Double Leopards, along with Amherst, MA's Son of Earth-Flesh on Bone, Have become two of New England's most rewarding of improvising groups. Niether are featured much at the acclaimed outposts of this music (NYC's Tonic and Knitting Factory) but, along with their cojoined ensemble Shackamaxon, have become far more challenging and spirit foward than the stalwarts consistently booked at these joints. So they're pretty submerged below the pop/improv strata but the recordings bear them out by greatness. Son of Earth's label Apostasy released a split LP of these two which is remarkable (and very limited-act fast).


May 4, 2003 - H(ear)

LIVE! AT THE BRATTLEBORO FREE FOLK FESTIVAL...5/3/03

By Carson Arnold

...Alas, unfortunately- and let's get this over with, shall we- what I thought was a random soundcheck was apparently the opening act...Three boys pipin' the name Son Of Earth were far from anything we knew as folk and yet another reminder of today's contemporary grain of beans who aren't interested in atonality, but just regular boys and girls who simply just...can't...play. Squatting on the floor like circle-jerk monks, accompanied by the single tone of an instrument or two (including a suitcase guitar, built and designed by one of the members as a harp of sorts, pretty neat) and a string of whirly-woo foot pedals which were ever so optically played with, Son Of Earth delivered a runny-nose of electrical miminalism nearly identical to a rip-off of Neu!'s "Sonderangebot" and other two note patterns you'll never hear anywhere else, unless of course it's in some place where the stage has been somehow cleared for people to play with themselves for half an hour, and sadly, today, it was here momentarily. But farewell, they zipped up their flies and left...

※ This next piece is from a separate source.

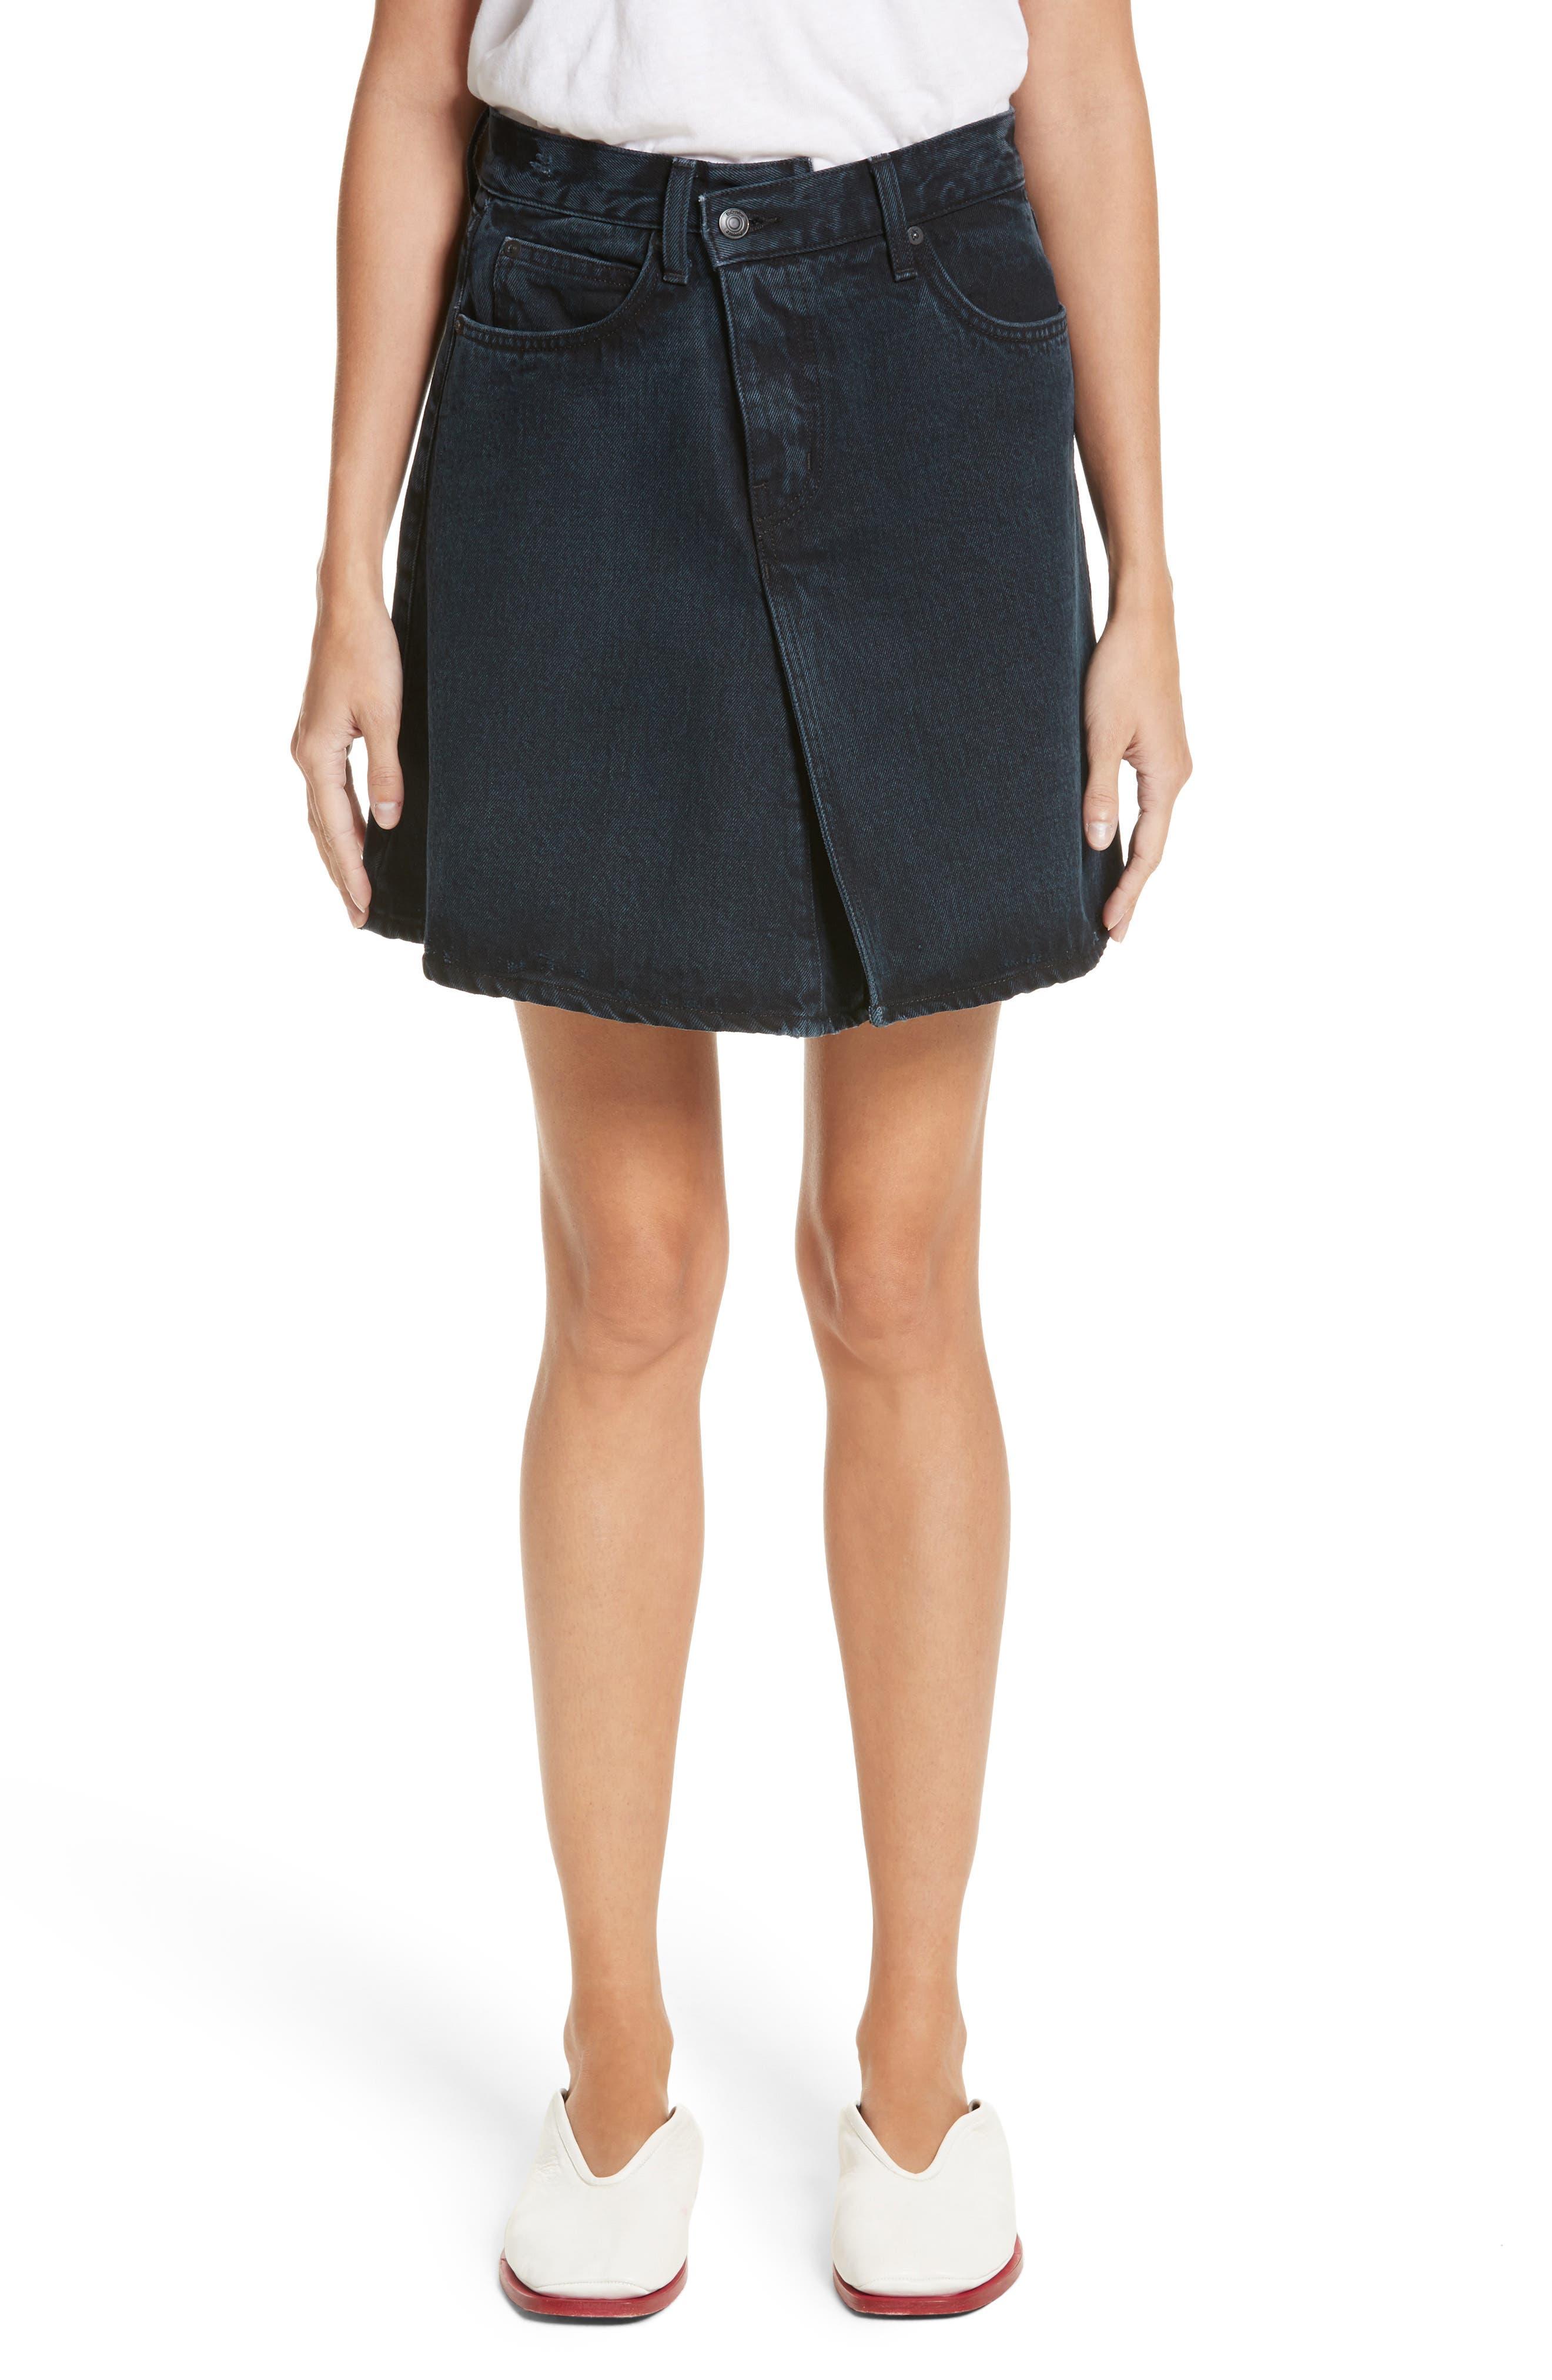 PSWL Folded Denim Skirt,                             Main thumbnail 1, color,

July 8, 2002 - desiderata (number twelve)

Review of Son of Earth @ CPOP Gallery in Detroit, MI

son of earth-flesh on bone stood out due to their quietly involved interplay & the film strip visuals. it is a generous thing to do for the audience to give them something to look at besides the knitted brows and clenched muscles of the improvising groups. subtle electronics, with acoustic instrumeents used very quietly, but with power, poise & grace. it truly sounded like they had played together enuff to mesh well.

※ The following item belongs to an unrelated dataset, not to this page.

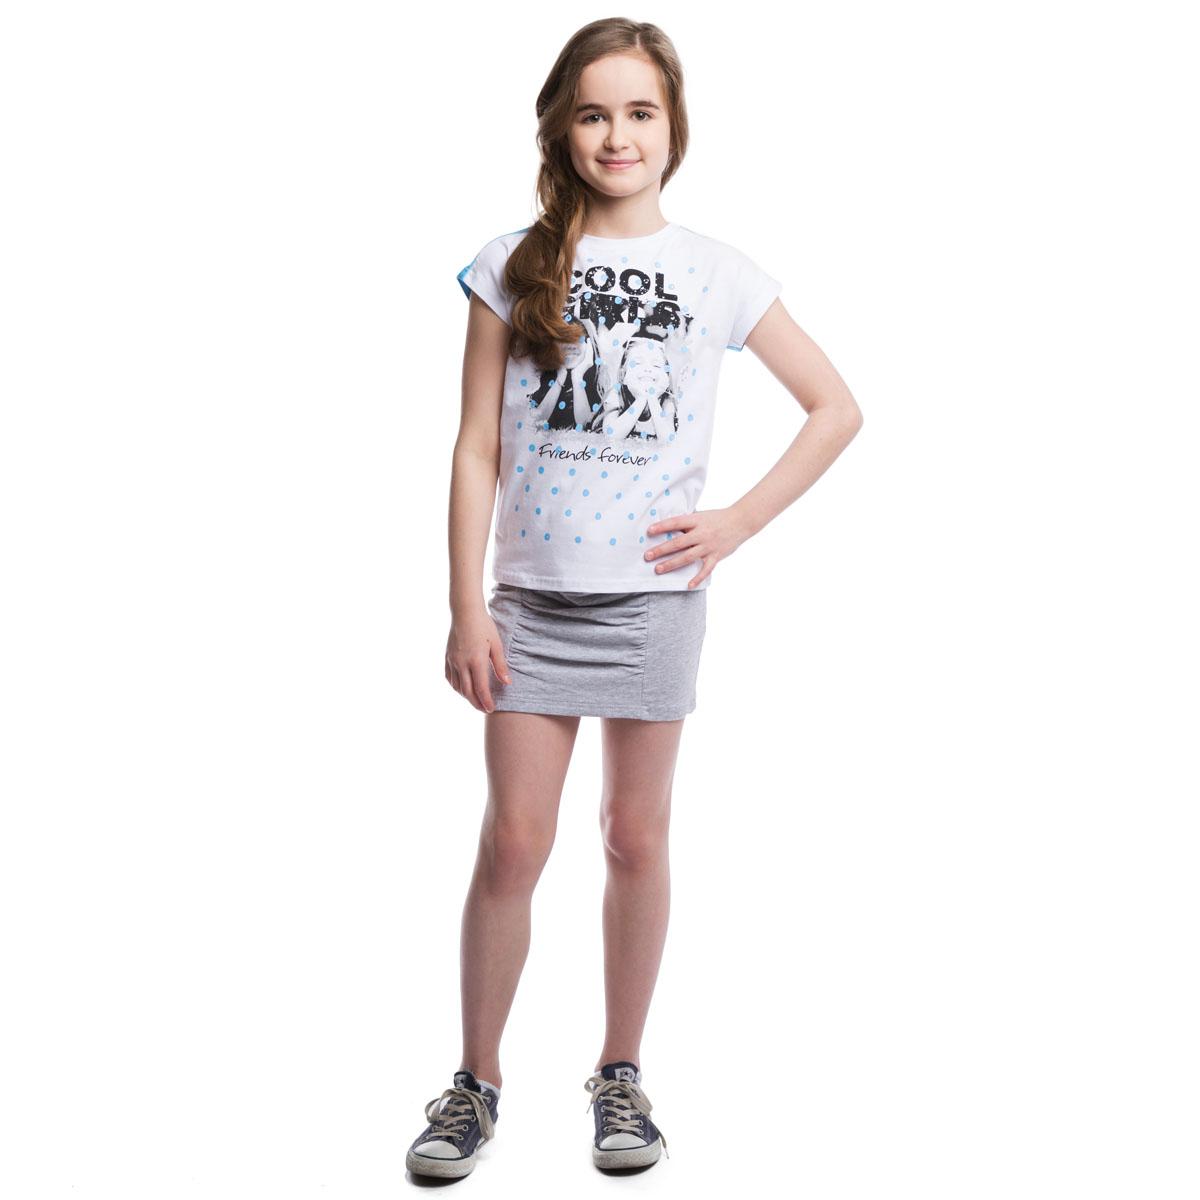 264014Мягкая хлопковая футболка с трикотажной резинкой на воротнике. Спереди белая, сзади - голубая. Цельнокройный рукав обеспечивает дополнительное удобство. Модель оформлена стильным принтом.

October 25, 2001 - Valley Advocate

Son of Who?

Son of Earth-Flesh on Bone is one of several groups taking over the Montague Bookmill on Thursday evenings as part of the new Grist series.


By James Heflin

If you throw in a Son of Earth-Flesh on Bone CD expecting a little something "alternative" (what with the wacky name and all) you may be somewhat surprised when your ears all but stand on end. Their sound is somewhere between getting up close and personal with a vacuum cleaner and listening to John Cage.

Buried in the pile of miscellaneous garbage, toys, effects pedals, percussions and stringed instruments, the Amherst trio milks out the odd sounds, adjusts them on the fly, and gets way gone. It's random, noisy, self-indulgent and very cool.

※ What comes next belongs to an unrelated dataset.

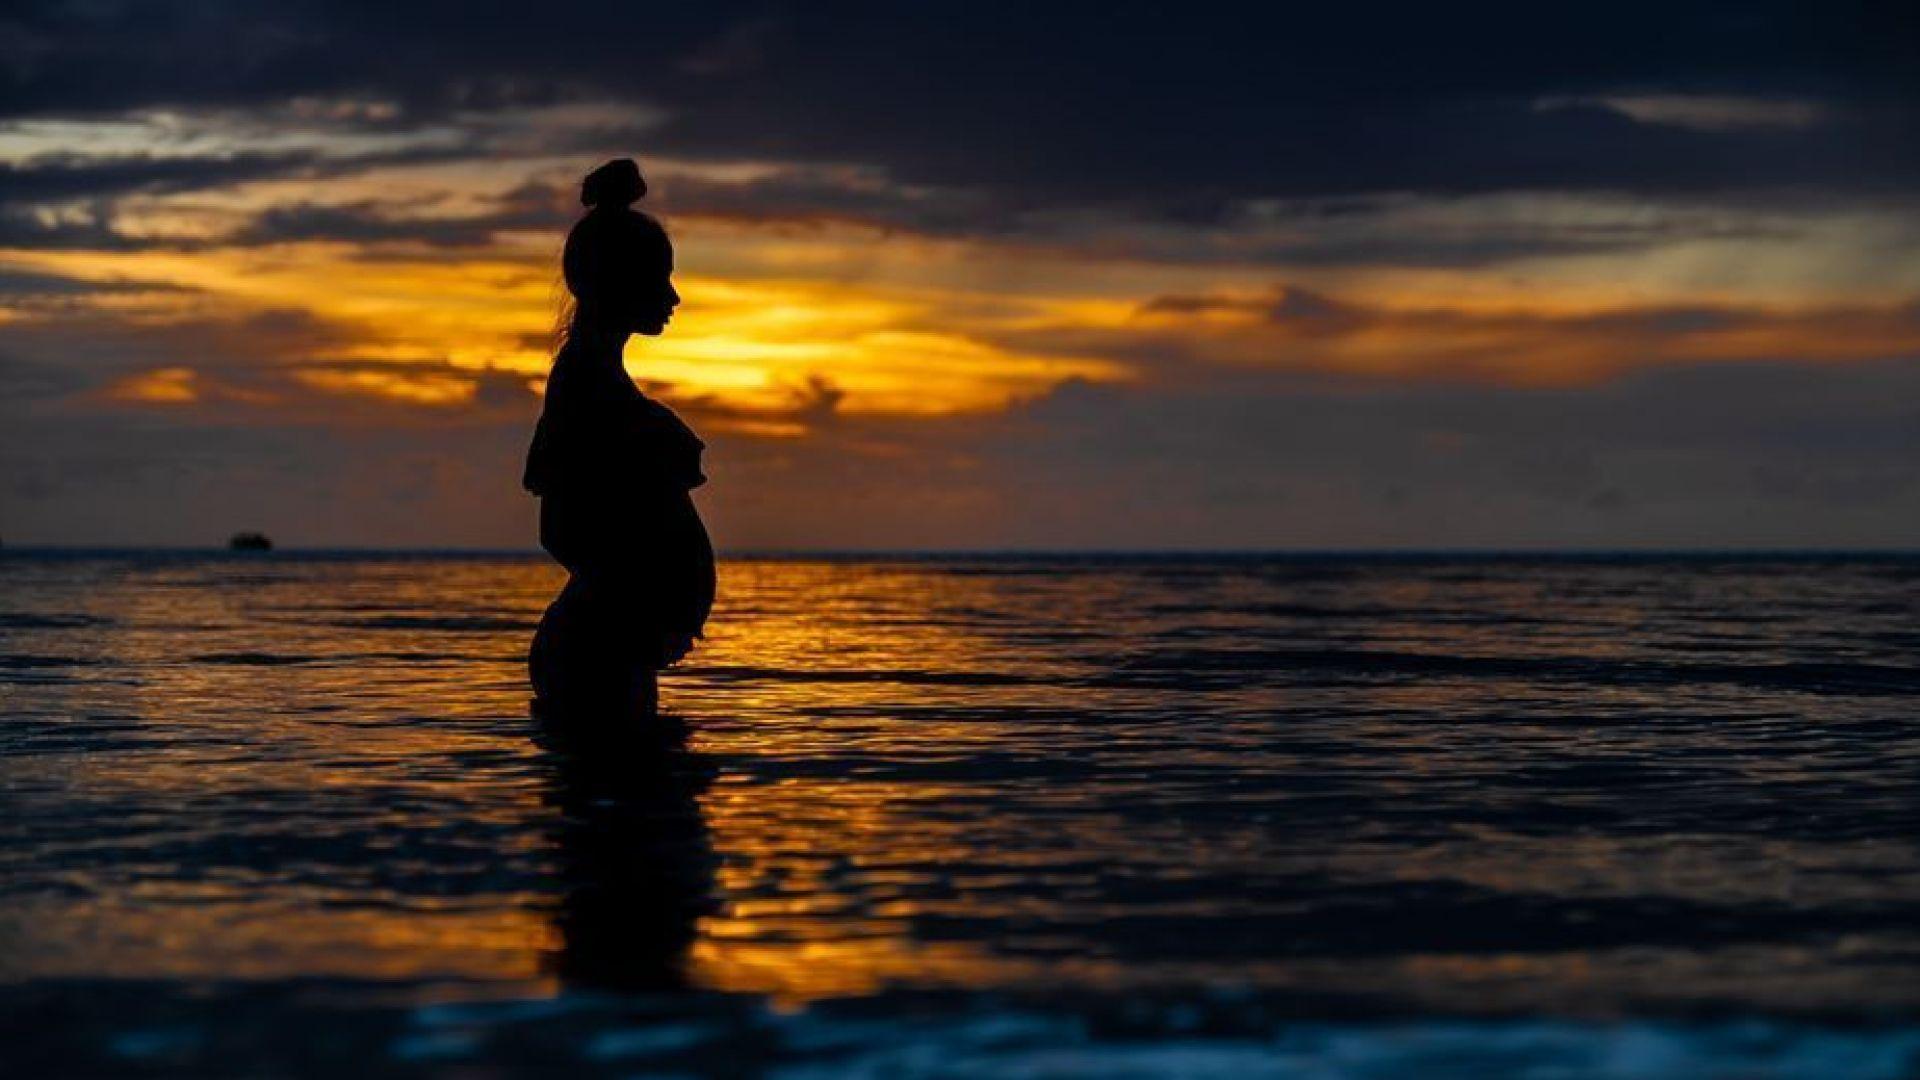 Алекс Енева стана майка за втори път. Дядо Маги се радва на най-хубавия коледен подарък

The surprising thing is how fun this all is. The buzzes and skronks and toy pianos drop into the mix at random times, and you get the feeling that the three may well be in a contest to see who can be the most absurd. They seem to constantly dare the audience to keep listening, and add many a wash of cacophonous sound calculated to drive listeners right out the door.

Unlike your average musicians, Son of Earth-Flesh on Bone draws on sources like coffee grinders and microwaves for that deep-down inspiration. They don't call this "new music" for nothing. It's music that makes your brain do new and interesting things, and it offers a pleasant, if strange, sort of relief from the common angst-ridden fare.

This bombastic trio is one of several groups of noisemakers who are taking over the otherwise tranquil Montague Bookmill on Thursday evenings as part of the new Grist series. As they say in Arkansas, "enjoy all you can stand."